There are no meta-analyses reporting on early pregnancy loss or birth defects.
Preterm Delivery
Two recent meta-analyses reported that there was an increased risk of preterm delivery in OD pregnancies compared to autologous IVF pregnancies (nearly 1.5 times increased risk, with an incidence of 17%) [3, 4].
However, there are some studies that found no significant increased risk of preterm delivery in their population of OD pregnancies [2, 5].
Risk of CS
Meta-analysis by Jeve et al. [3] demonstrated that the risk of CS was increased nearly threefold in OD pregnancies compared to autologous IVF pregnancies, and this was mirrored by many other studies [4, 9, 10]. Both maternal age and multiple pregnancy were also noted to increase the rate of CS.
A national Swedish study also reported an increase in CS rate in those women with OD, although interestingly they noted that when compared to women who conceived spontaneously, women with OD pregnancies had more elective CS, whereas when compared to women undergoing IVF with autologous eggs, those with OD had a higher rate of emergency CS. It may be that this increase in elective procedures has more to do with the anxiety of the obstetrician with OD pregnancies than anything else. This study also demonstrated that CS was more frequent in women who had undergone IVF due to premature ovarian insufficiency or who were poor responders, compared to other indications for IVF [2].
All evidence reviewed suggests that CS is more common with OD. Haemoglobin should therefore be optimised antenatally, and women should be counselled appropriately in the antenatal period.
Post‑partum Haemorrhage
Women having OD often already have many risk factors for PPH including multiple pregnancy, obesity, advanced maternal age and increased chance of requiring an operative delivery.
A small retrospective study comparing PPH > 500 ml in OD pregnancies with autologous IVF pregnancies found that the OD group had a statistically significant increase in rates of PPH (just over two times more likely). They also found that PPH was increased in the OD group compared to the autologous IVF group for nulliparous women, those with BMI > 25, aged between 41 and 45 year old, white ethnicity and surprisingly singleton pregnancies. Some of these subgroup results may be explained by the small sample size used. BMI and age are known to already increase risk of PPH; however, it is fair to say that OD would only increase this risk further [8].

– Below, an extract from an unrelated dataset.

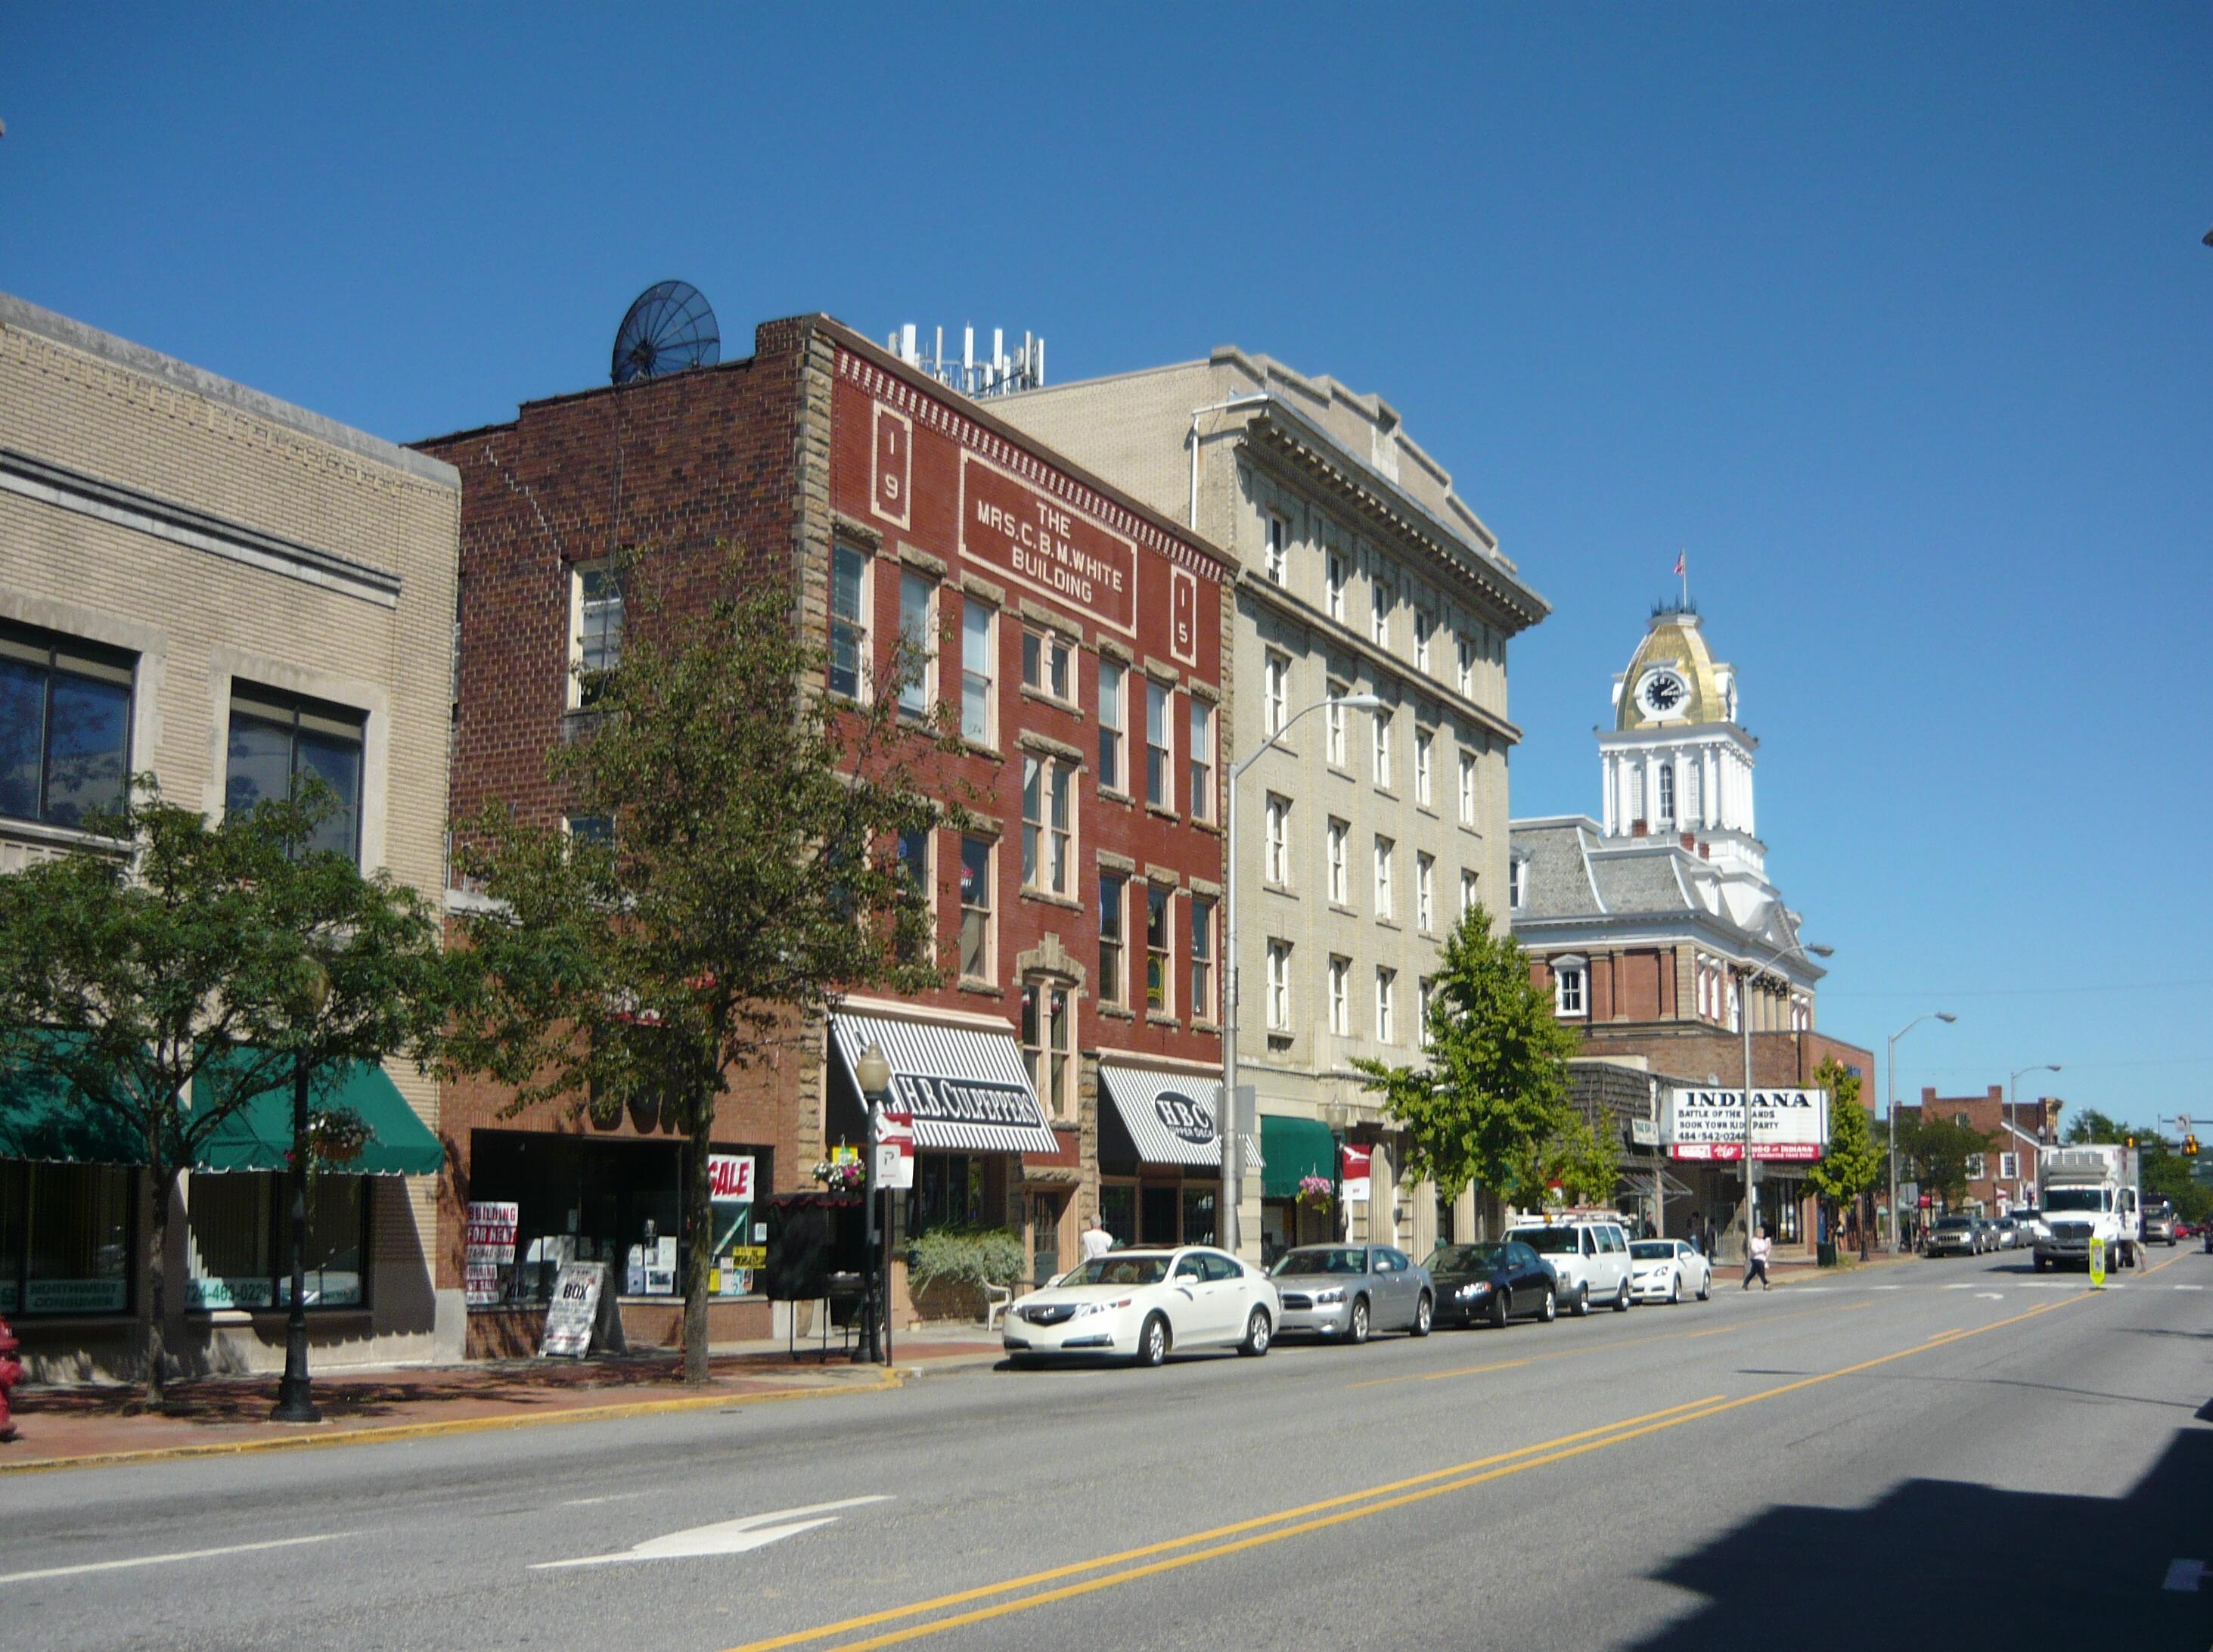 Florida Street Huntington Beach Ca

Other studies confirm this increased risk in PPH (3.5 times increased risk, with an incidence of 4.2–17.3%) even after adjusting for possible confounding factors such as maternal age, parity, PET, type of pregnancy, mode of labour onset, mode of delivery and birthweight [2, 4, 6]. Studies also showed a statistically significant increased risk of blood transfusion and hysterectomies.
The evidence suggests that OD is an independent risk factor for PPH, and it should be treated as such. Women should have their haemoglobin optimised antenatally, have active third-stage management and deliver in a unit where there is access to blood transfusion, cell salvage and senior multidisciplinary team input.
Conflicts of interest The authors declare that they have no conflict of interest.